However I am struggling to solve it for the initial conditions of the circuit suddenly being attached to a power source. I have read that the immediate voltage across the capacitor when the circuit is connected is 0 and that the immediate current through the inductor is also 0. Hence I've assumed that the voltage across the inductor must be 0 too due to KVL and that the current through the capacitor must also be 0 cos of ohms law (v=IR, I = 0 therefore V = 0).

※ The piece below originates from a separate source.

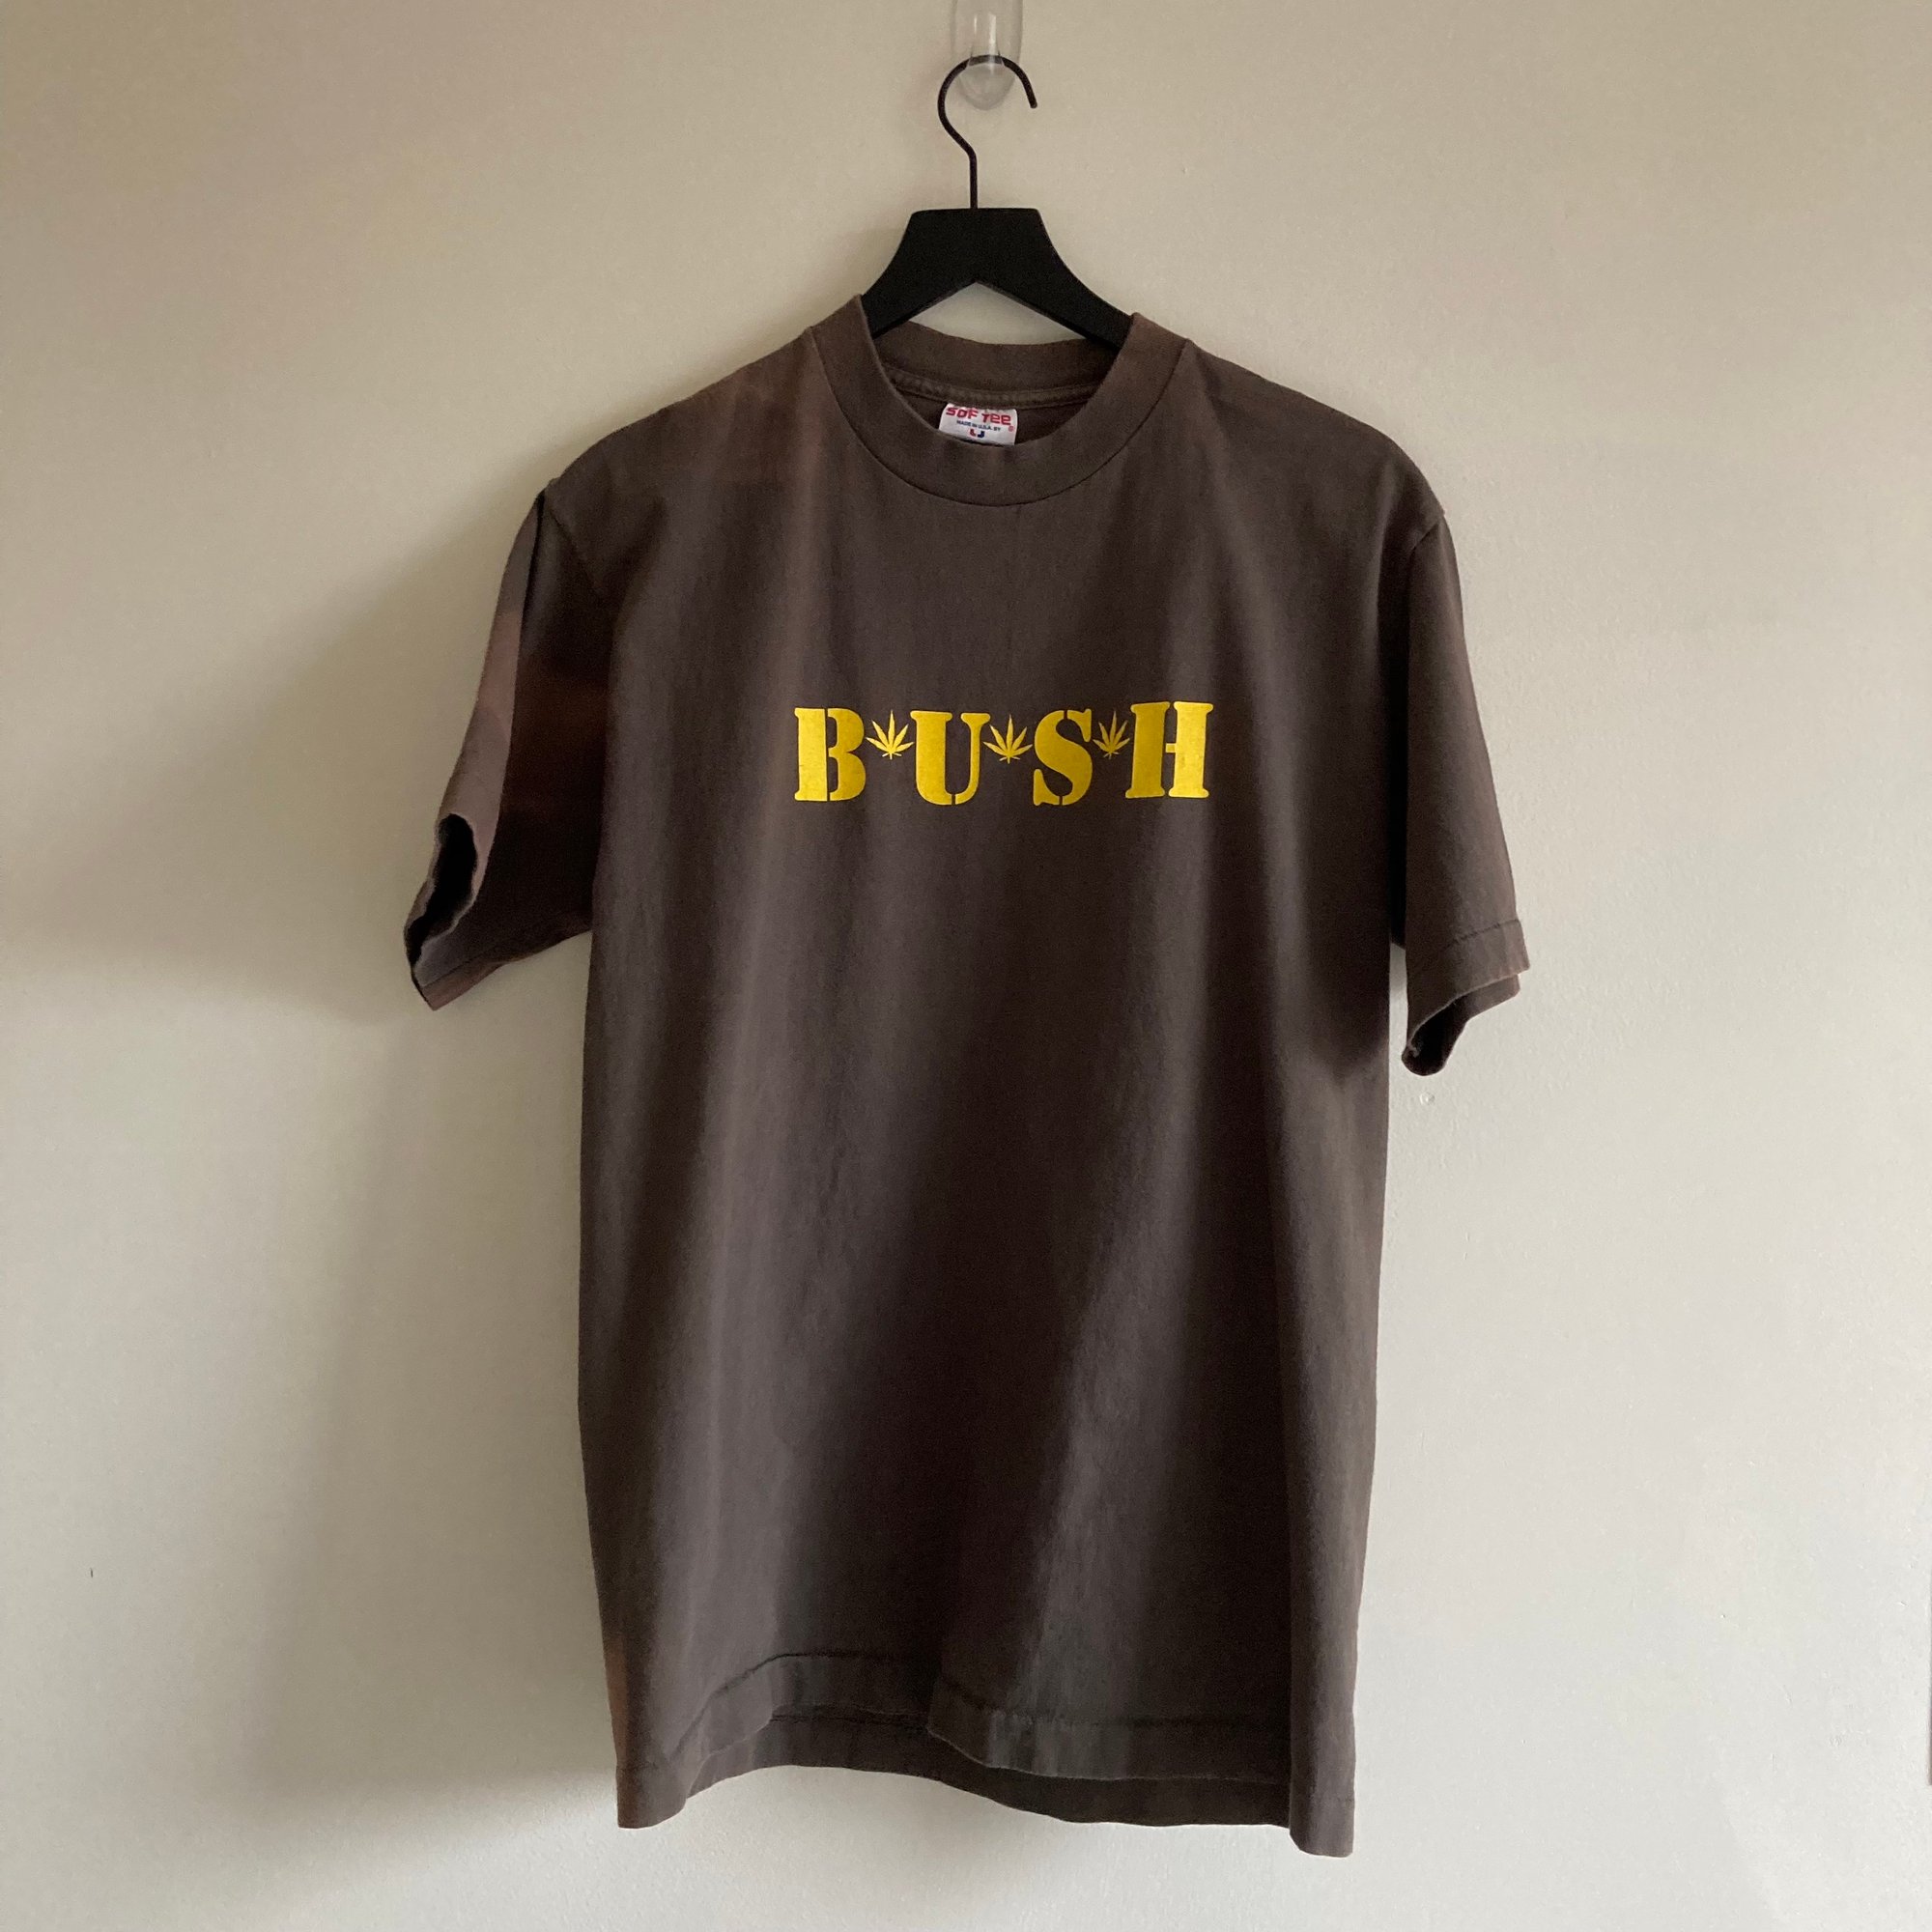 Bush Fan Club T-Shirt | Intramural

Hence when t is 0 then A = 0

0 = Acos(w0t) + Bsin(w0t)

Bsin(0) = 0

(Acos(w0t) = Acos(0) = A

0 = A

However I am finding it really hard to find a value for B, taking the equation di/dt = v/L and solving for i to get the integral of v/L = ((vt)/ L) + C, but how can I find a value for V that doesnt just make i = 0. taking ((vt)/ L) + C = w0Bcos(w0t) doesnt seem to be getting much closer to a solution either, as I am not sure what to put as the value for v.

Any help would be much appreciated! Im sure there is something Ive missed like an extra initial condition or something in the calculating of the maths.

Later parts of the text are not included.